EXERCISE PROMPT - In the records below, find the line that contains "Una donna prendendo" and the line that contains "Đã có kết quả". Set down exactly those lines and every line between them, and nothing more.

DATA RECORDS -

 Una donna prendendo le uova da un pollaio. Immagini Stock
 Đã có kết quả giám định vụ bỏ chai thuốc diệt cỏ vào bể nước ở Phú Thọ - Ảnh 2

--

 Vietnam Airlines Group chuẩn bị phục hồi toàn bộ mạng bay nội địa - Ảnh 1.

--

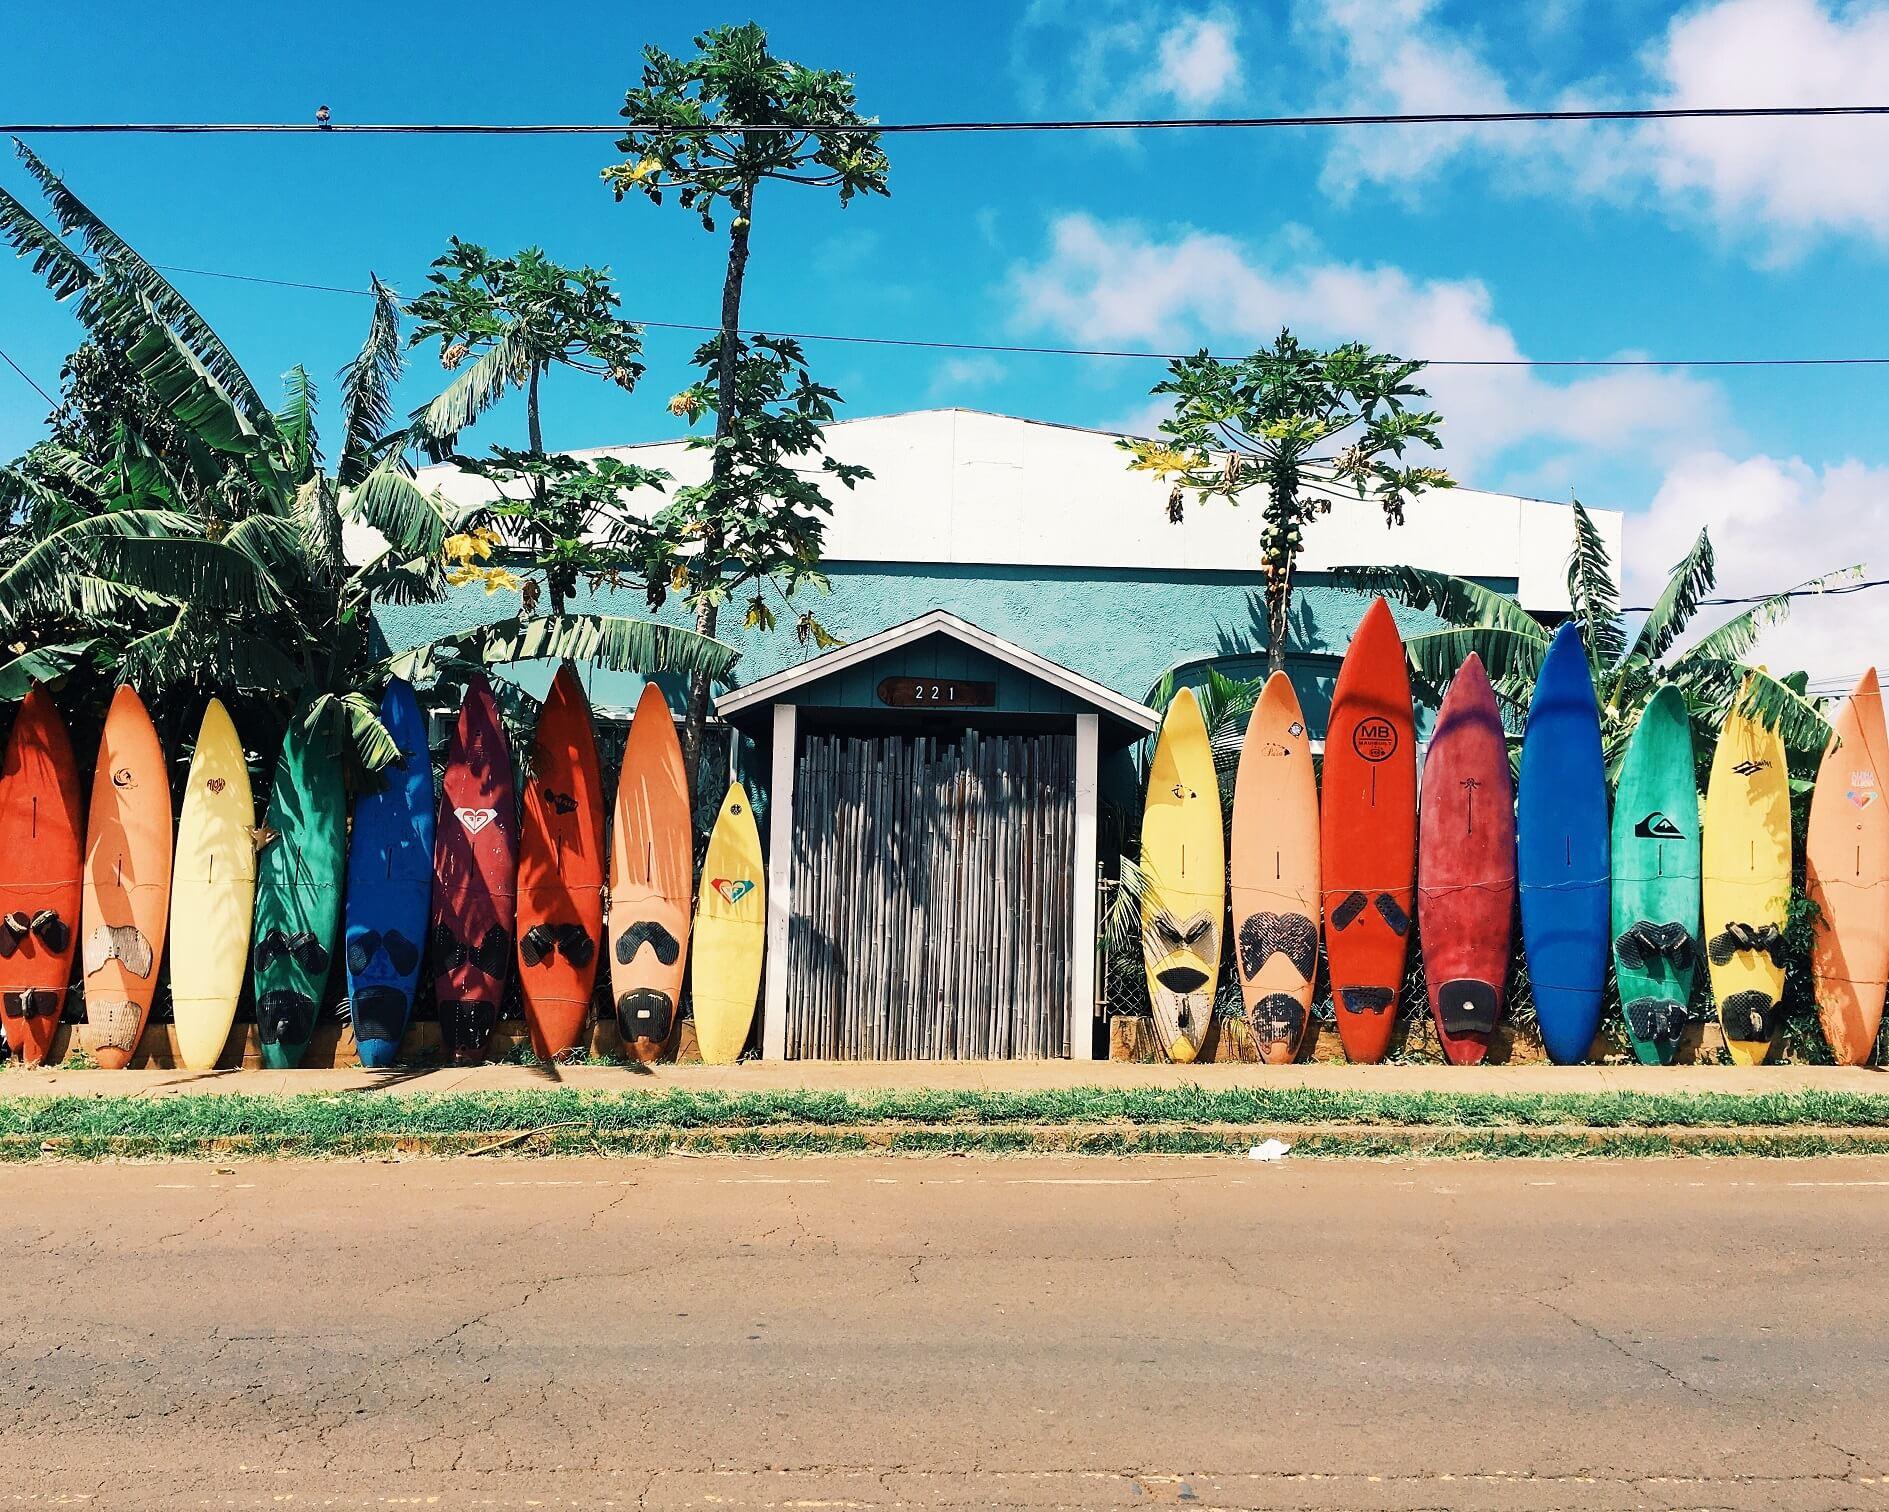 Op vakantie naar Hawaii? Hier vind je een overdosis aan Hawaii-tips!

RESULT -
 Una donna prendendo le uova da un pollaio. Immagini Stock
 Đã có kết quả giám định vụ bỏ chai thuốc diệt cỏ vào bể nước ở Phú Thọ - Ảnh 2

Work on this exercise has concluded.